This class manages multiple MSDCalculator instances, typically for simulations run at different temperatures. It calculates the diffusivity for each trajectory (or temperature group) in parallel and then performs an Arrhenius fit to determine the activation energy (Ea_D) and pre-exponential factor (D0).
The main workflow is to initialize the class, call .calculate() to run the analysis, and then use plotting methods like .plot_msd() and .plot_D() or .summary() to view the results.
- Parameters:
path_traj (str) – Path to a directory containing HDF5 trajectory files.
symbol (str) – The chemical symbol of the target diffusing species to analyze.
skip (float, optional) – Initial time in picoseconds (ps) to skip for thermal equilibration. Defaults to 0.0.

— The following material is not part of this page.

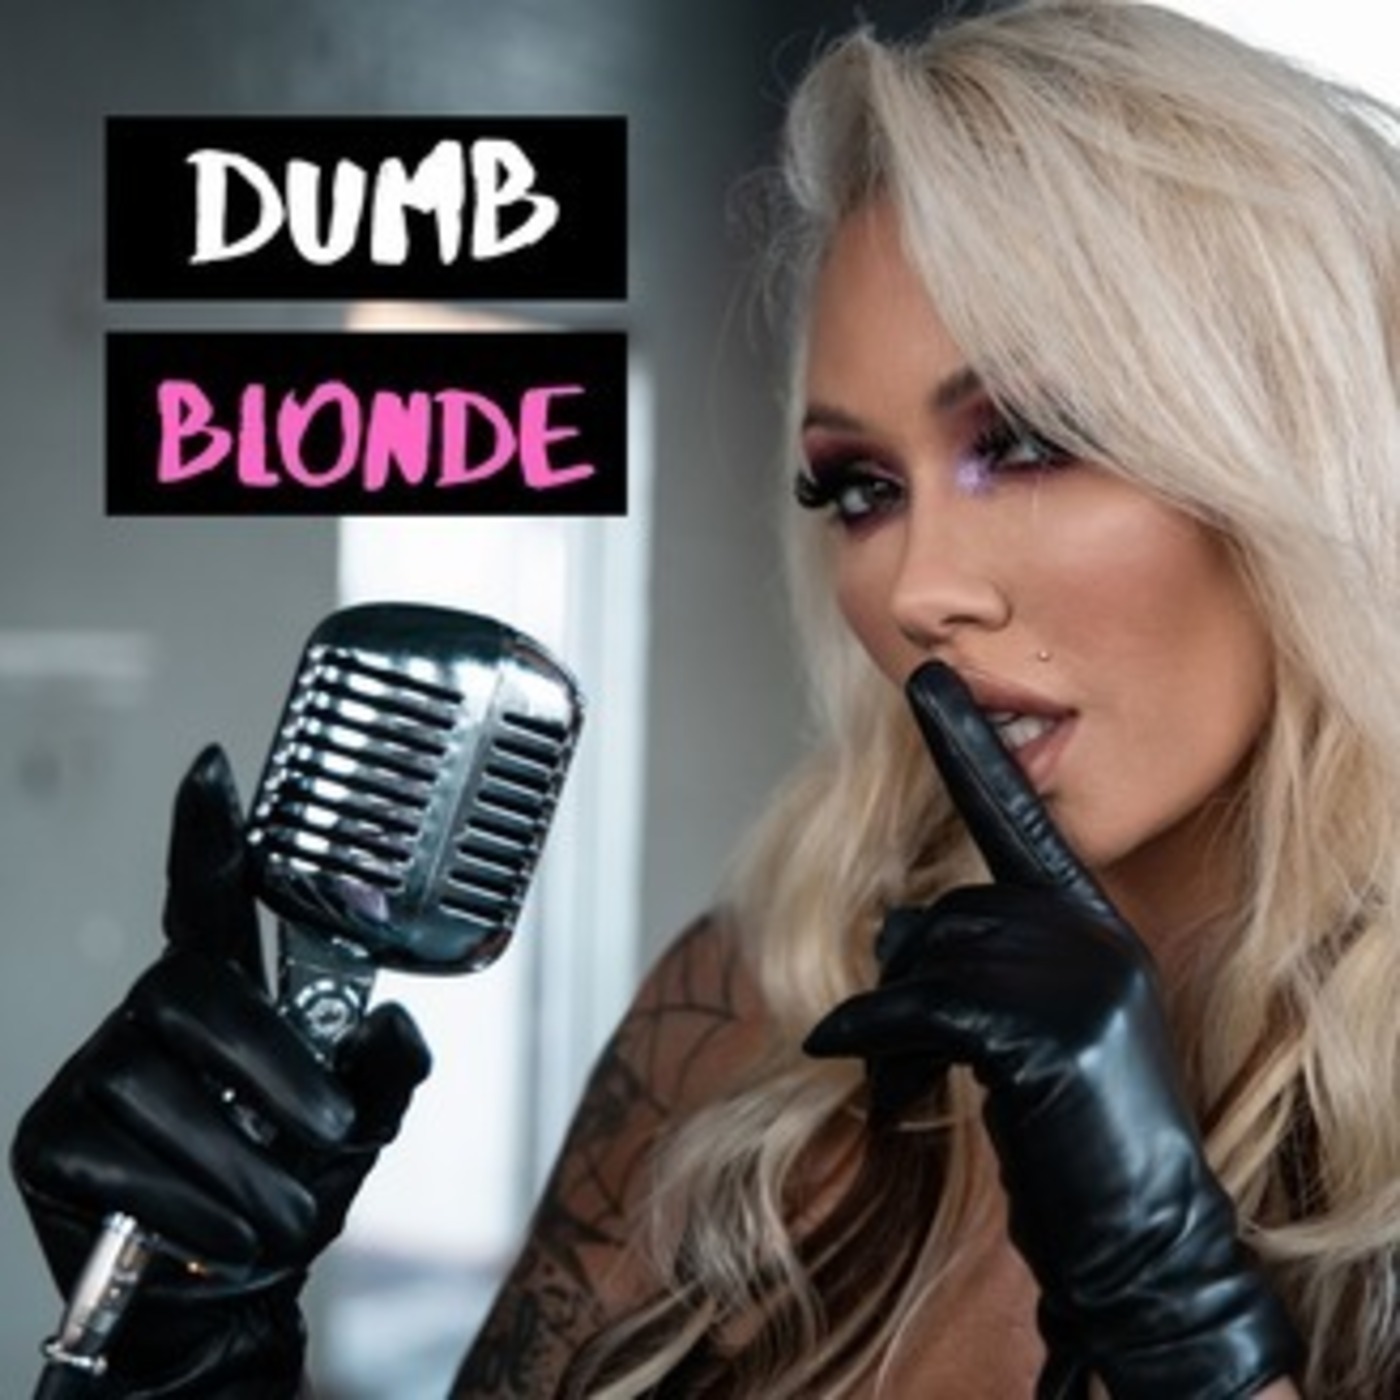 64: Dumb Blonde: Flex With Thane: Group Home, Losing Virginity, & OnlyFans

segment_length (float | list[float] | None, optional) – Time length in ps for statistical averaging segments. Can be a single float for all temperatures or a list of floats corresponding to each temperature. If None, the entire trajectory is used. Defaults to None.
start (float, optional) – Start time in picoseconds (ps) for the linear fitting range of the MSD curve. Defaults to 1.0.
end (float | None, optional) – End time in picoseconds (ps) for the linear fitting range. If None, the end of each trajectory is used. Defaults to None.
verbose (bool, optional) – Verbosity flag. Defaults to True.
**kwargs (Any) – Additional keyword arguments passed to the TrajectoryBundle class for file discovery (e.g., prefix, depth).
- D
An array of the average diffusivity (m²/s) for each temperature.
- Type:
numpy.ndarray
- Ea_D
Activation energy (eV) from the Arrhenius fit.
- Type:
float
- D0
Pre-exponential factor (m²/s) from the Arrhenius fit.
- Type:
float
- R2
The R-squared value indicating the goodness of the Arrhenius fit.
- Type:
float
- calculators
A list of the successfully completed MSDCalculator instances.
- Type:
list[MSDCalculator]
- temperatures
An array of the unique temperatures found in the ensemble.
- Type:
numpy.ndarray
- Raises:
ValueError – If the length of segment_length (if provided as a list) does not match the number of unique temperatures found.
- calculate(n_jobs: int = -1, verbose=True) MSDEnsemble[source]
Runs the full analysis pipeline in parallel for all trajectories.
This method orchestrates the MSD calculation for each trajectory file, aggregates the results by temperature, and performs an Arrhenius fit if at least two temperatures are present.
- Parameters:
n_jobs (int, optional) – Number of CPU cores for parallel processing via joblib. -1 uses all available cores. Defaults to -1.
- Returns:
Returns the instance itself to allow for method chaining (e.g., ensemble.calculate().summary()).
- Return type:
- plot_D(disp: bool = True, save: bool = True, filename: str = 'D_atom.png', dpi: int = 300) None[source]
Plots the Arrhenius plot of diffusivity (D) vs. inverse temperature (1/T).
- Parameters:
disp (bool, optional) – If True, displays the plot interactively (plt.show()). Defaults to True.
save (bool, optional) – If True, saves the plot to a file. Defaults to True.
filename (str, optional) – The path and name of the file to save the plot. Defaults to ‘D_arrhenius.png’.
dpi (int, optional) – The resolution for the saved figure. Defaults to 300.
- plot_msd(disp: bool = True, save: bool = True, filename: str = 'msd.png', dpi: int = 300) None[source]
Plots temperature-averaged MSD curves for each temperature.
This method visualizes the averaged MSD curve for each unique temperature in the ensemble. The linear fit for each curve is also shown.
- Parameters:
disp (bool, optional) – If True, displays the plot interactively (plt.show()). Defaults to True.
save (bool, optional) – If True, saves the plot to a file. Defaults to True.
filename (str, optional) – The path and name of the file to save the plot. Defaults to ‘msd_ensemble.png’.
dpi (int, optional) – The resolution in dots per inch for the saved figure. Defaults to 300.
- save_parameters(filename: str = 'einstein.json') None[source]
Saves calculated diffusivities and Arrhenius parameters to a JSON file.
The output JSON is self-documenting, including a ‘description’ key that explains each saved parameter. NumPy arrays are converted to lists for JSON compatibility.
- Parameters:
filename (str, optional) – The name of the output JSON file. Defaults to “einstein_ensemble.json”.
- Raises:
RuntimeError – If .calculate() has not been run successfully.
Examples
>>> ensemble = MSDEnsemble(...) >>> ensemble.calculate() >>> ensemble.save_parameters("results.json")